Feeding China's Little Emperors: Food, Children, and Social Change

This book focuses on how the transformation of children’s food habits, the result of China’s transition to a market economy and its integration into the global economic arena, has changed the intimate relationship of childhood, parenthood, and family life. Topics include the effects of new foods on children’s health; the consumption of prestige foods; the social implications of commercialized children’s food on a Chinese Islamic community; the adaptations of Kentucky Fried Chicken in response to indigenous fast-food companies; the generation gap in attitudes toward food consumption; the significance of religion and nutrition in feeding and healing children; the creation of baby-friendly hospitals to promote breastfeeding and scientific childcare methods; etc.

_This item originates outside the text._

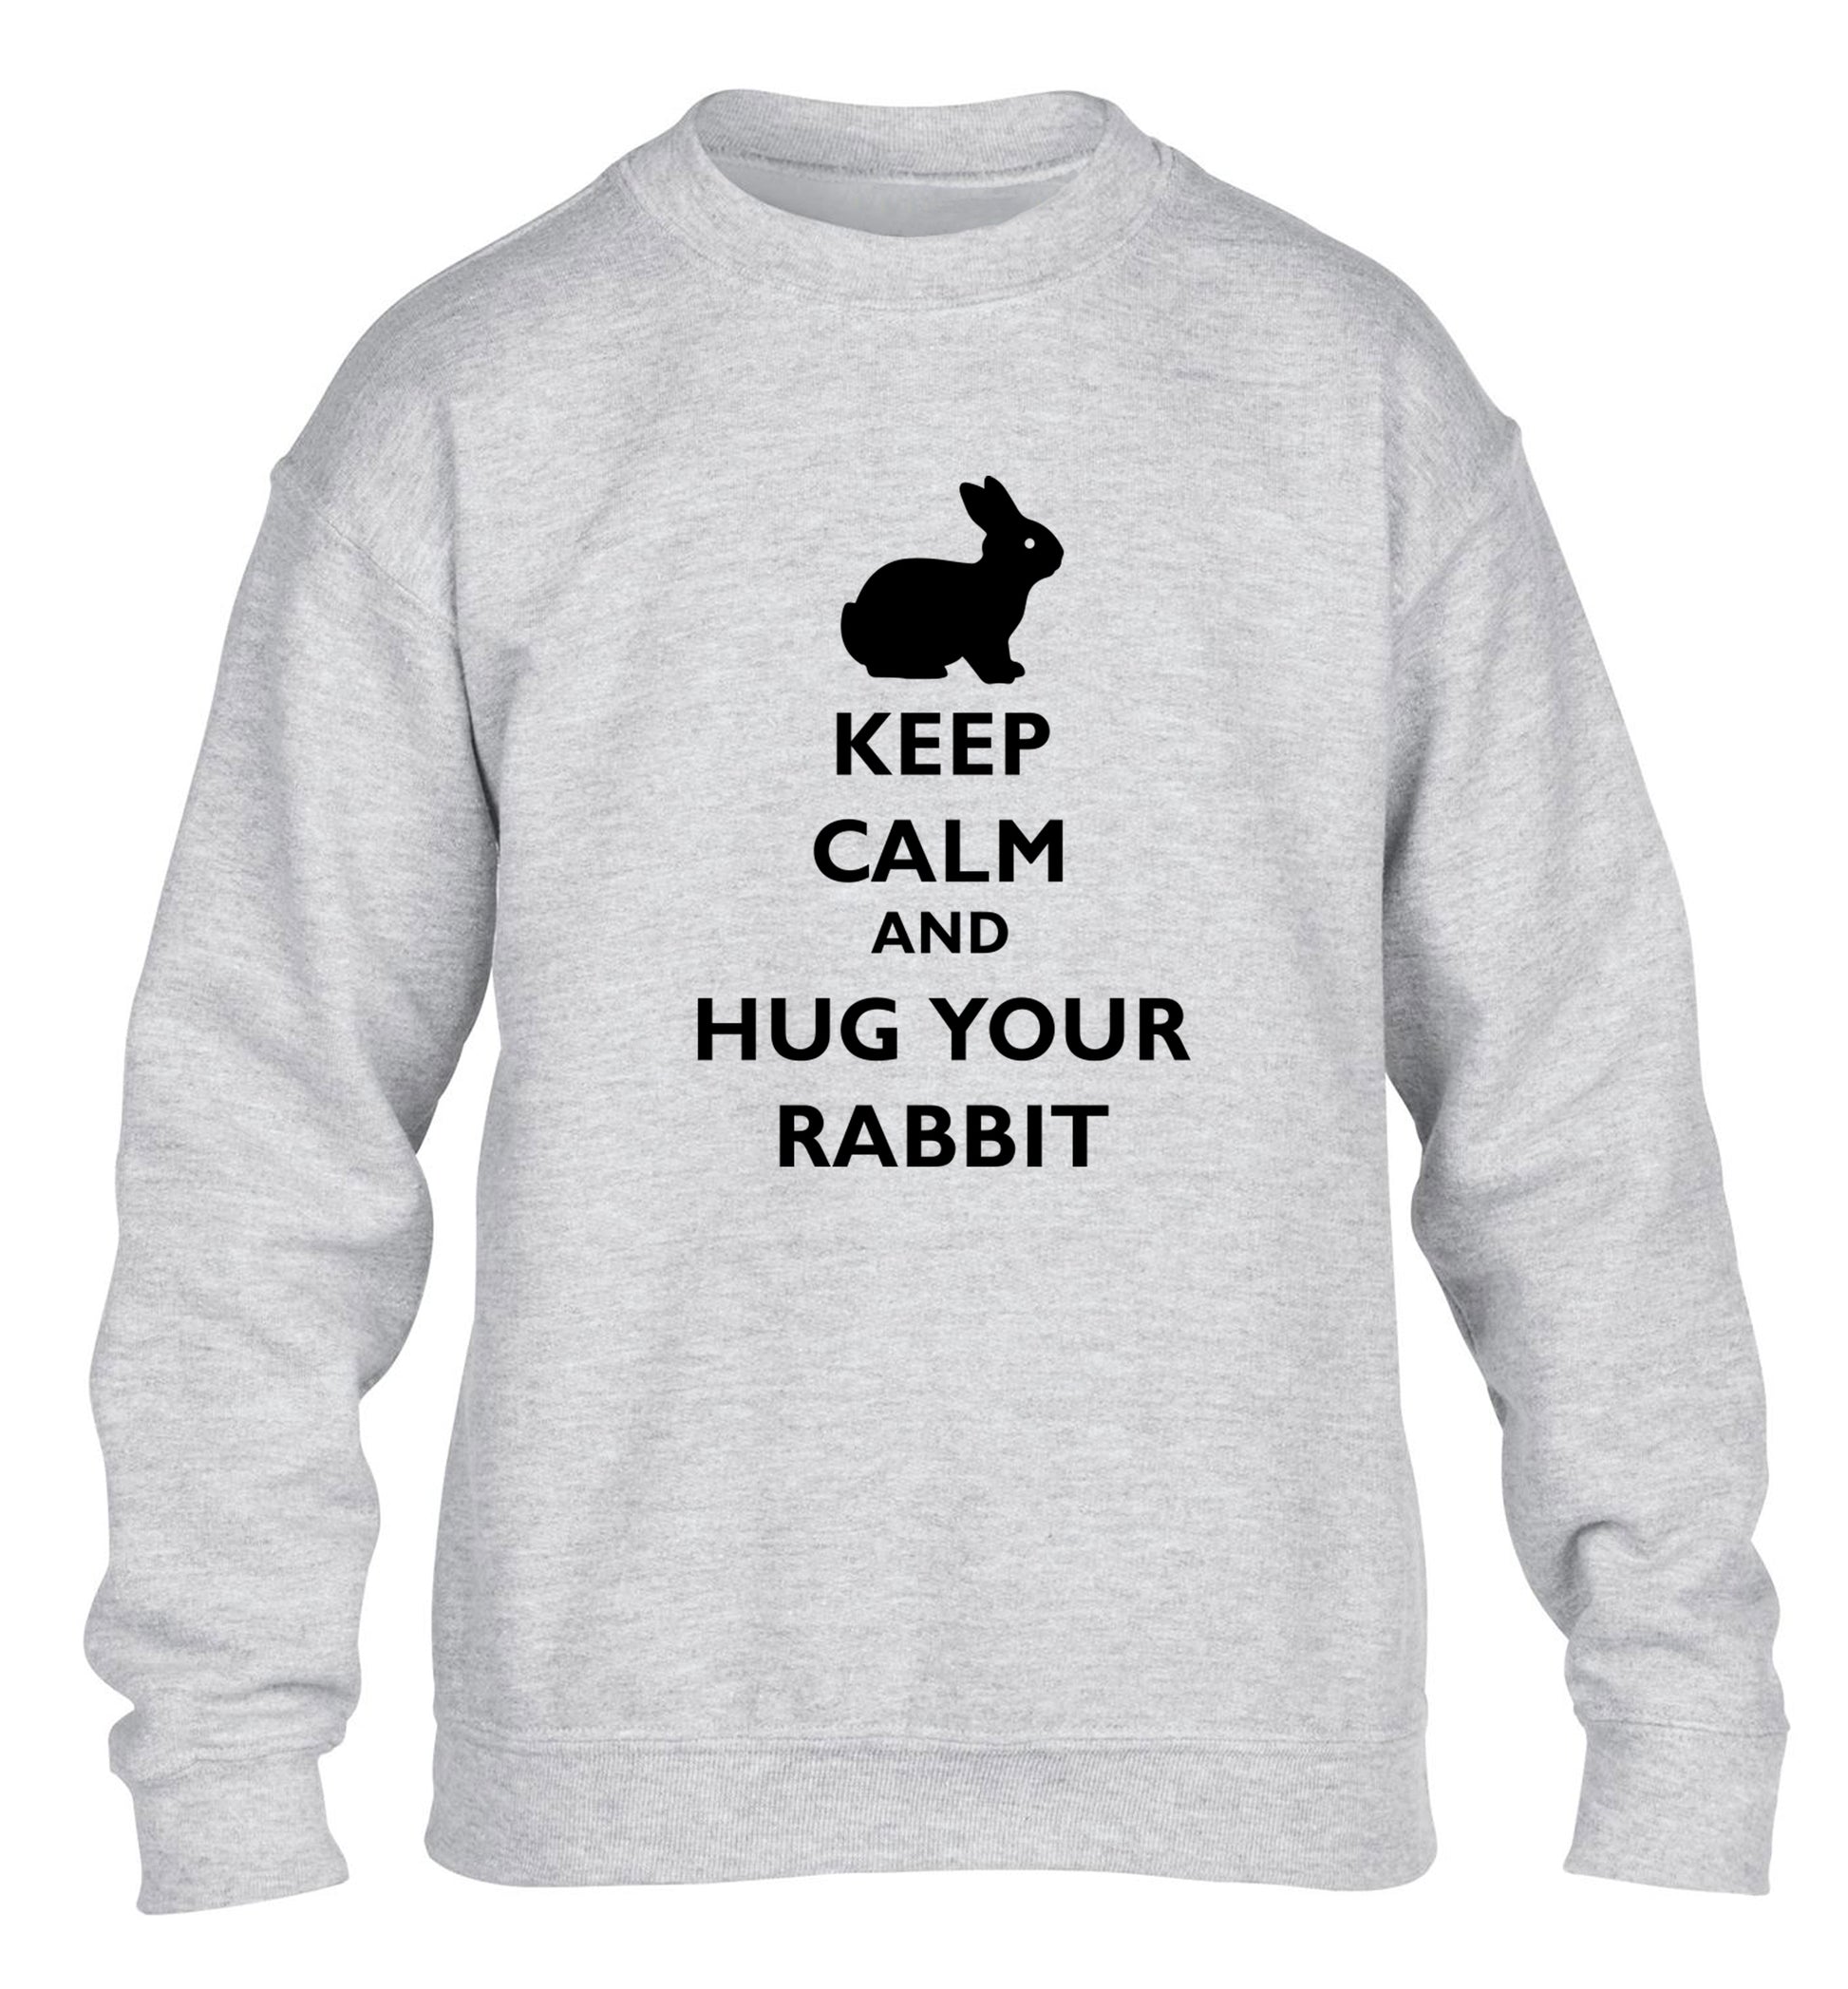 Keep calm and hug your rabbit children's grey sweater 12-13 Years

Tasting Food, Tasting Freedom: Excursions into Eating, Culture, and the Past

This book presents a repast of thoughts about the multiple roles of food in history and culture, covering food experiences of the United States, Brazil, Argentina, and Canada. Addressing issues ranging from the global phenomenon of Coca-Cola to the diets of American slaves, this book shows how our choices about food are shaped by a vast and increasingly complex global economy. It demonstrates that our food choices have enormous and often surprising significance. Much of the book contemplates the connection between capitalism and sugar, a topic explored with striking originality in Mintz's Sweetness and Power.

Food Politics: How the Food Industry Influences Nutrition and Health

This book is about how the food industry influences what we eat and, therefore, our health. It exposes the ways in which food companies use political processes to obtain government and professional support for the sale of their products. Its twofold purpose is to illuminate the extent to which the food industry determines what people eat and to generate much wider discussion of the food industry’s marketing methods and use of the political system. The themes occurring include the social consequences of food overabundance; the conflict between scientific and other kinds of belief systems; and diet is a political issue.